- Directed by: Svitlana Levitas and Margarita Yakovleva
- Produced by: Svitlana Levitas and Margarita Yakovleva
- Release date: 2017 (premiered);
- Countries: Ukraine; Israel; US;
- Language: Ukrainian

= Word of the Righteous =

2017 documentary series

Word of the Righteous («Слово Праведника») is a 2017 documentary series directed and produced by journalists Svitlana Levitas and Margarita Yakovleva, co-authors of a Ukrainian-Israeli-US project dedicated to the Righteous Among the Nations.

The film features Ukrainians who rescued Jews from the Holocaust during World War II.

== Plot ==
The film chronicles the valor and sacrifice of teenagers from Ukrainian cities and villages who, despite the life-threatening conditions, saved their Jewish friends, classmates and neighbors from the Holocaust during World War II. In commemoration of their unexampled heroism, they were awarded the honorary title "Righteous Among the Nations" by Yad Vashem, the World Holocaust Remembrance Center based in Jerusalem, Israel.

The film consists of documentary interviews with the Righteous Among the Nations and the Righteous of Ukraine. Their accounts are illustrated by courtesy photos, coupled with the photos and videos provided by The Pshenychnyi Central State Film, Photo and Sound Archives of Ukraine.

The first three episodes of the documentary series premiered in 2017 and were dedicated to Olena Malova-Zavadska, Anna Morozova, and Vasyl Nazarenko. In 2018-2019, more episodes were released to tell the stories of Sophia Boyko, Nina Bohorad and Nina Gudkova. In 2020, a new film about the Glagolev family was released.

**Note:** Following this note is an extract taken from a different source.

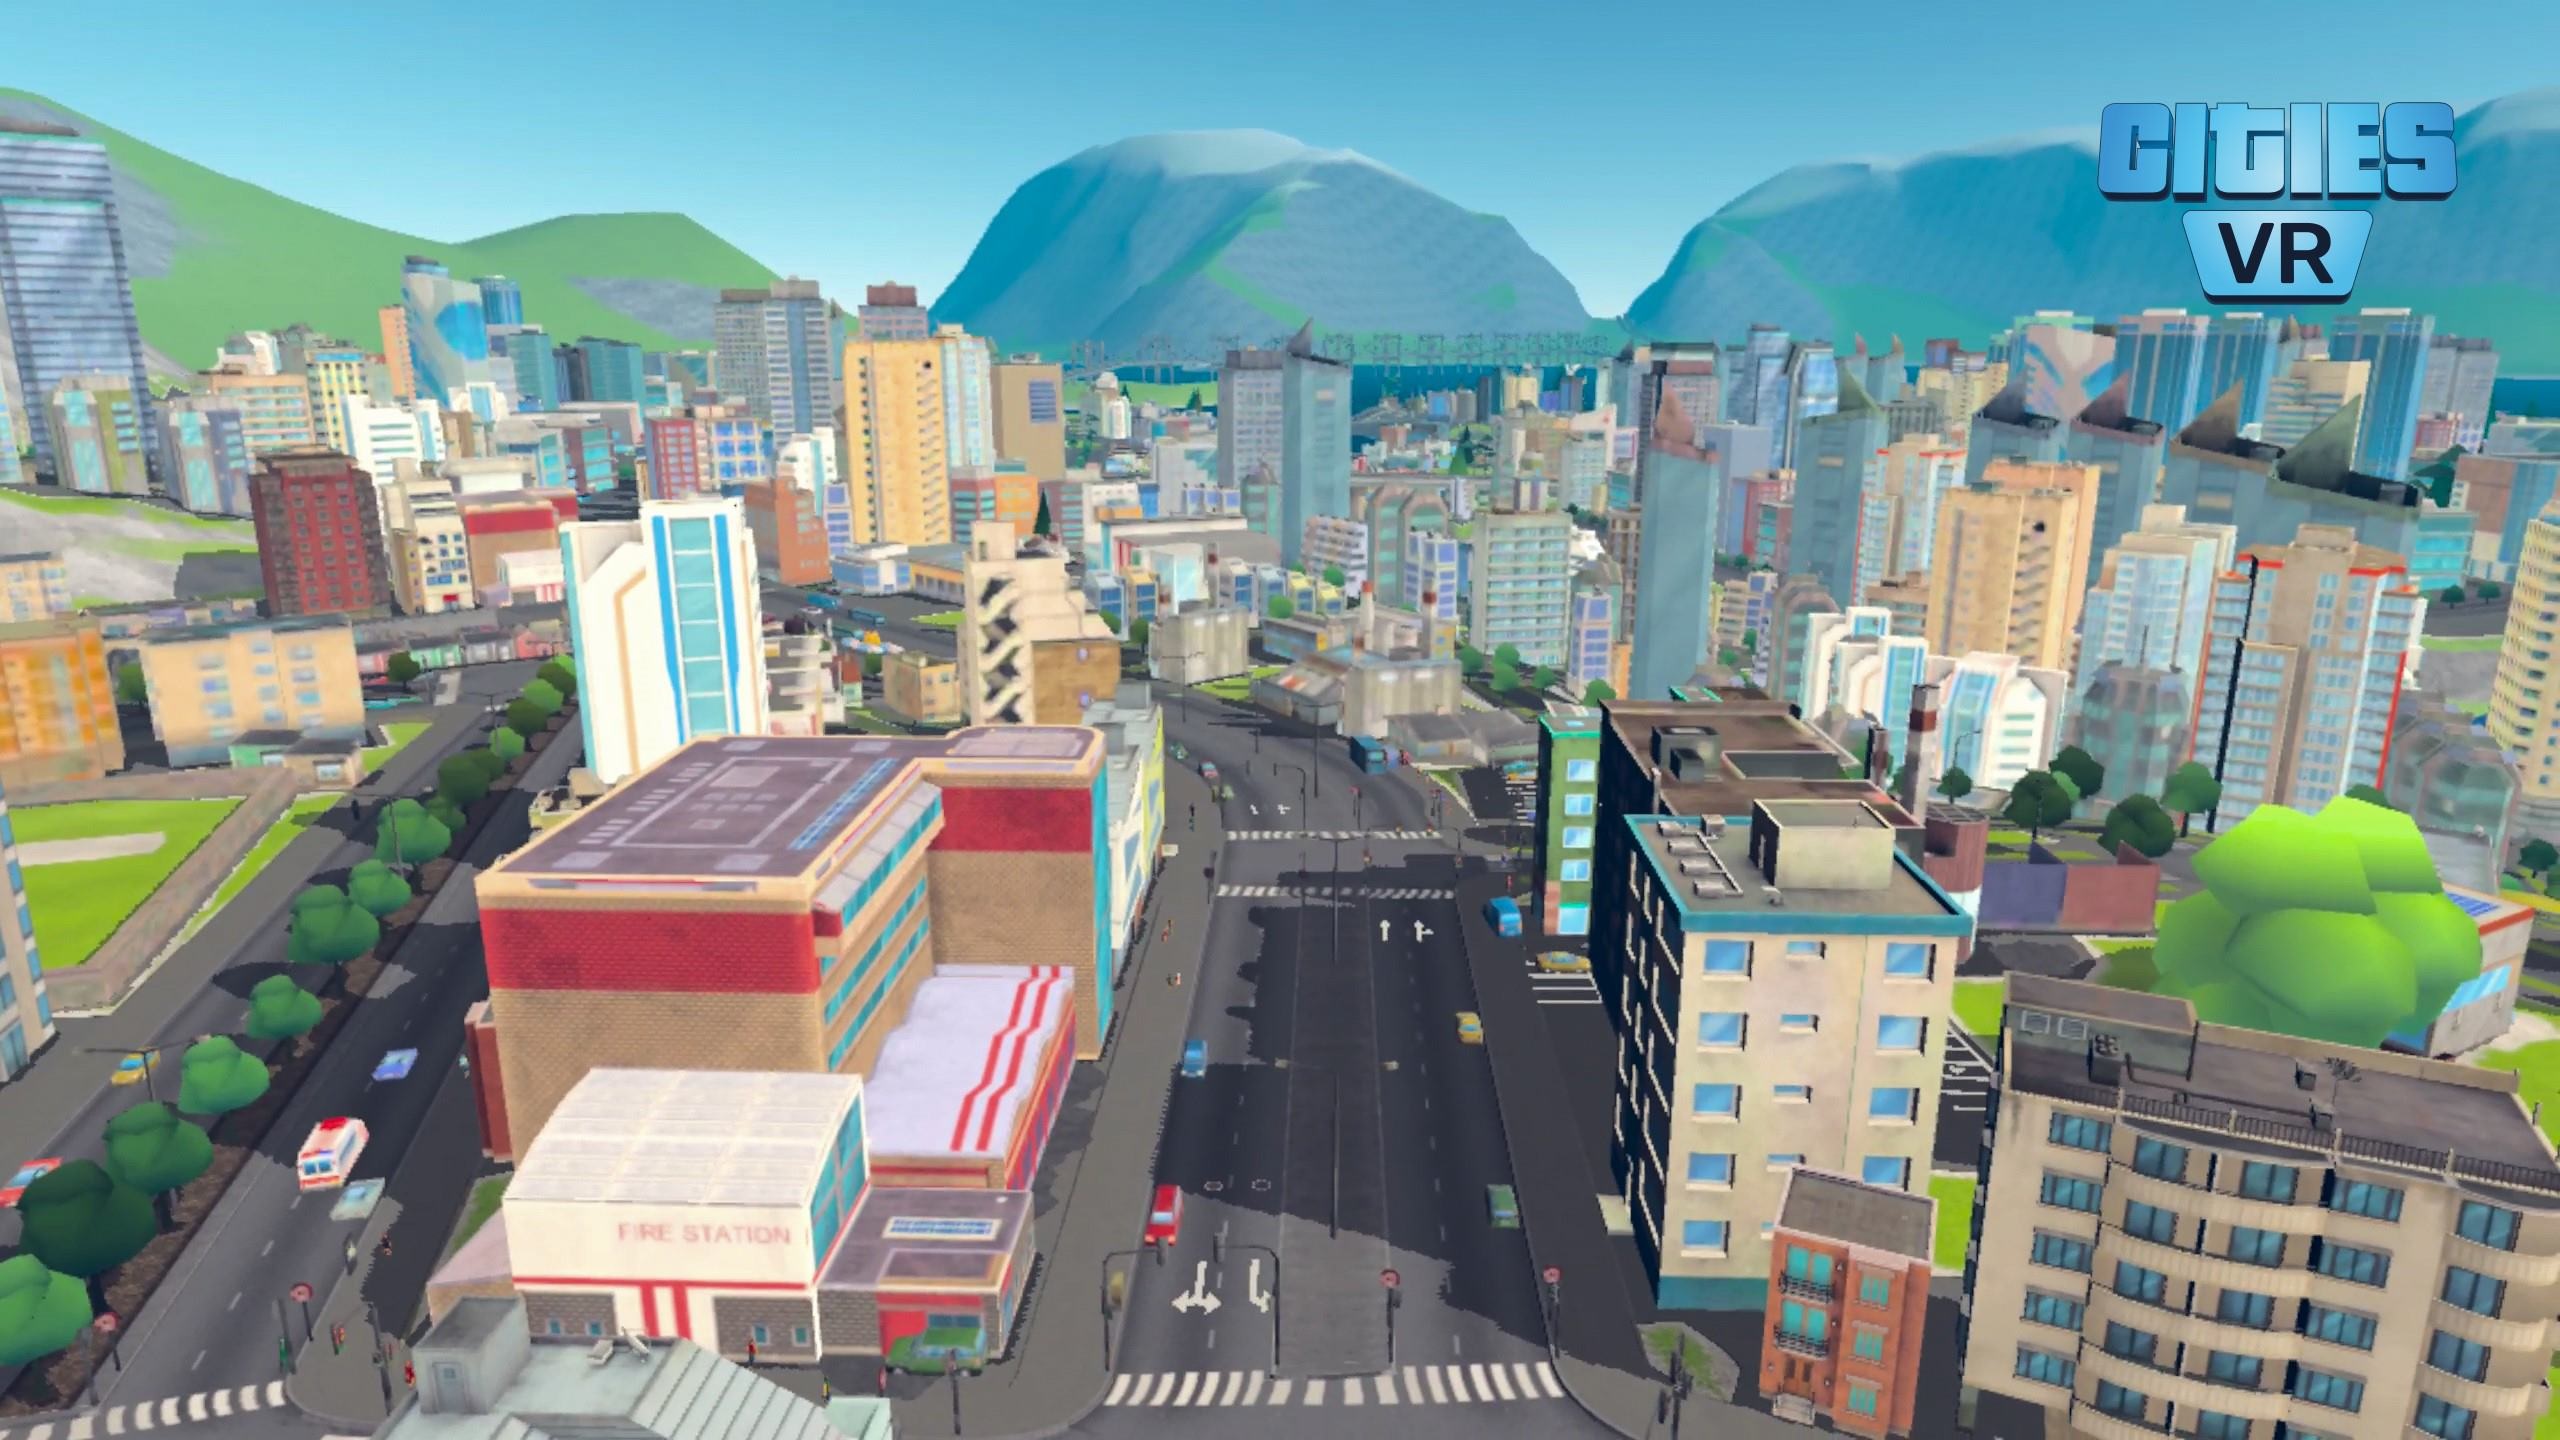 Cities VR brings building sim to Meta Quest 2

These people are the living eyewitnesses to the terrible times of the Nazi occupation of Ukraine. Despite being elderly and ailing, they agreed to make their revelations on camera solely for the purpose of preserving the national memory of both Ukrainians and Jews. The Ukrainian-born interviewees who are officially recognized by the State of Israel as the Righteous Among the Nations share their stories in Word of the Righteous in an effort to promote international peace and understanding.

Many of the Righteous Among the Nations who have featured in the film come from Lviv Oblast, in particular:
- Ivan Vovkotrub (city of Zolochiv)
- Stefania Petrushko (city of Lviv)
- Katerina Kleban (city of Rava-Ruska).
Other heroes risked their lives to rescue Jews in Kyiv's Babi Yar and elsewhere in Ukraine, such as Anna Bebekh and Sofia Yarova.
The filmmakers also interviewed many other Ukrainians who saved Jews during the Holocaust.

== Authors ==
The idea of the project belongs to Svitlana Levitas, the film was co-authored by Levitas and Yakovleva.

Levitas is a civic activist, journalist, and translator with a PhD in English literature. In 2016, she was short-listed as one of the candidates for the Global Dialogues & Women's Empowerment in Eurasian Contexts Feminist Mentoring (WEF) Programme in Oxford, England.

Yakovleva is the editor-in-chief of the Family Office media portal, editor of Forbes magazine in 2014–2017, and prize winner of several journalism awards (International Contest among business mass media journalists of Russia and Ukraine – PRESSzvanie Business Circles Prize 2008. Best journalist in Insurance (first place), Best journalist in Business and society (third place), 2009; PRESSzvanie Business Circles Prize-2011, Best journalist in Telecommunications and IT (third place), 2012.

The co-authors got acquainted in 2016 at a seminar on the history of the Holocaust at the House of the Wannsee Conference in Berlin. Principal photography for the film started in November 2016, with the first episode released in September 2017.

The episodes premiered at America House Kyiv, the Lypsky restaurant, and the Mikhail Bulgakov Museum in Kyiv.

== Project sponsors ==
The Word of the Righteous film and project are financed by Yad Vashem, Genesis Philanthropy Group, Babi Yar Holocaust Memorial Center, Ukrgasbank, Ukr.net, Ukrainian businessmen, and the authors of the film. The film is also supported by dozens of volunteers.